India’s Savya Rasa has brought collaborative cooking with Ireland’s most eminent Indian chef and restaurant, aka Pickle, Chef Sunil Ghai’s invention that offers a reliable Indian cooking experience that emphasizes the North Indian cuisine cooked with the finest Irish produce. Excerpts from the interview:
Tell us a bit about yourself and your culinary journey?
I was born and raised in Gwalior and come from a Punjabi family and the love of good food runs through our veins! Perhaps inspired by my foodie family adventures, I decided to do my hotel management from Gwalior. I started working early at the age of 17. My childhood memories center around food. We loved to cook and celebrate with delicious food. I met the love of my life and got married to Shitti Ghai (Leena) who is from Shimla and moved to Ireland in 2001 and made this beautiful country our home. It was in 2016 that I started with a gastronomic journey and opened a restaurant in 2017 and another in 2020. My culinary skills received some recognition and I was lucky to win the award for the best leader of Ireland twice.
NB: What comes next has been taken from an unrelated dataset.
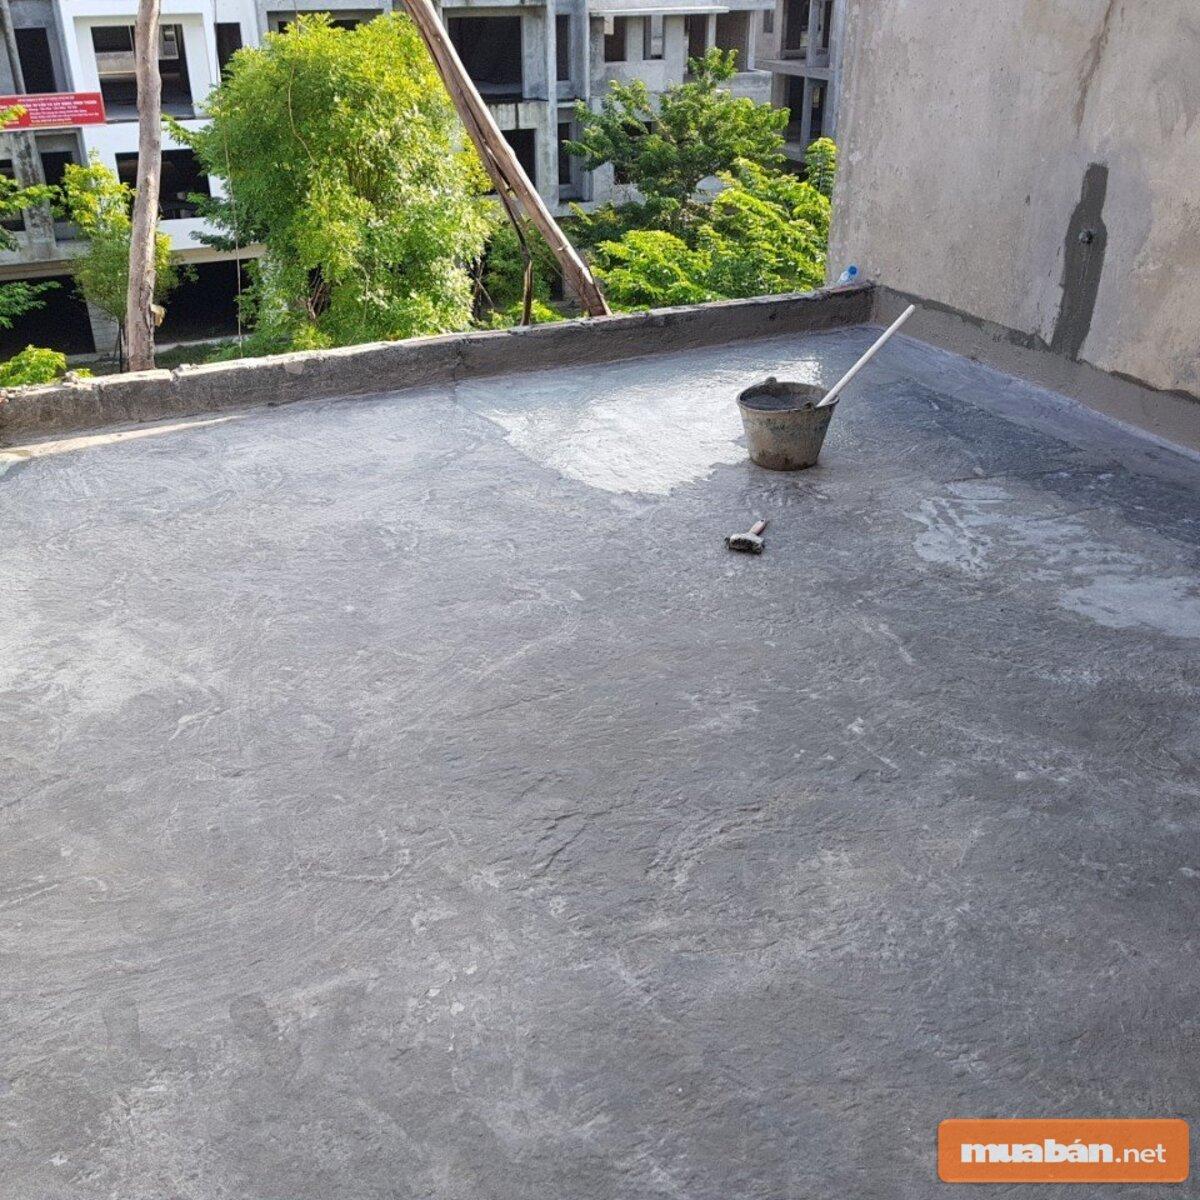 Hy vọng bạn sẽ có lựa chọn tốt nhất về chất chống thấm cho căn nhà của mình

I have been the recipient of the Best Indian Chef in Ireland award four times. My restaurant has also been awarded several times.
Why did you choose a South Indian restaurant for your first international restaurant when Pickle is from North India?
At Pickle, there’s a story behind every dish – a reminiscence or relationship behind the fragrant sauces, boulevard dishes, complex stewed meats that relate to the homecoming idea of using fresh ingredients, locally sourced and cooked with love.
Savya Rasa’s cuisine redefines coastal culture at its best; a vigilant and comprehensive study of South Indian cuisine that takes you back to dark times; unfinished without the finesse and novelty Chef Sheik Mohideen brings with it. Sheik’s extensive 15-year gastronomic journey speaks volumes about him as he fervently strives to set milestones with new projects, every fleeting day. The food artist credits the credit for tracing the roots and restoring them like molds by performing the almost unmanageable task of retaining culture through every recipe.
A union between the two, has been set up to create a one-of-a-kind tasting menu cooked with the finest Irish produce, showcasing the restaurant what the best South Indian cuisine has to offer. The Pickle team is exceptionally enthusiastic about working with Savya Rasa, and the name of the restaurant seems to perfectly sum up why: Savya Rasa was created to celebrate the richness of South Indian cuisine and culture. Very often, thanks to stereotypes, many people outside South India consider Idli, Vada, Sambar, Dosa, etc. like classic South Indian dishes. However, South Indian cuisine has all of this and more to offer. With the food Sheik creates, Savya Rasa seems to fit the bill perfectly. We organize dinners on our two grounds. In 2023 I will be traveling to Savya Rasa to present my culinary philosophy of what we do at Pickle here in Dublin.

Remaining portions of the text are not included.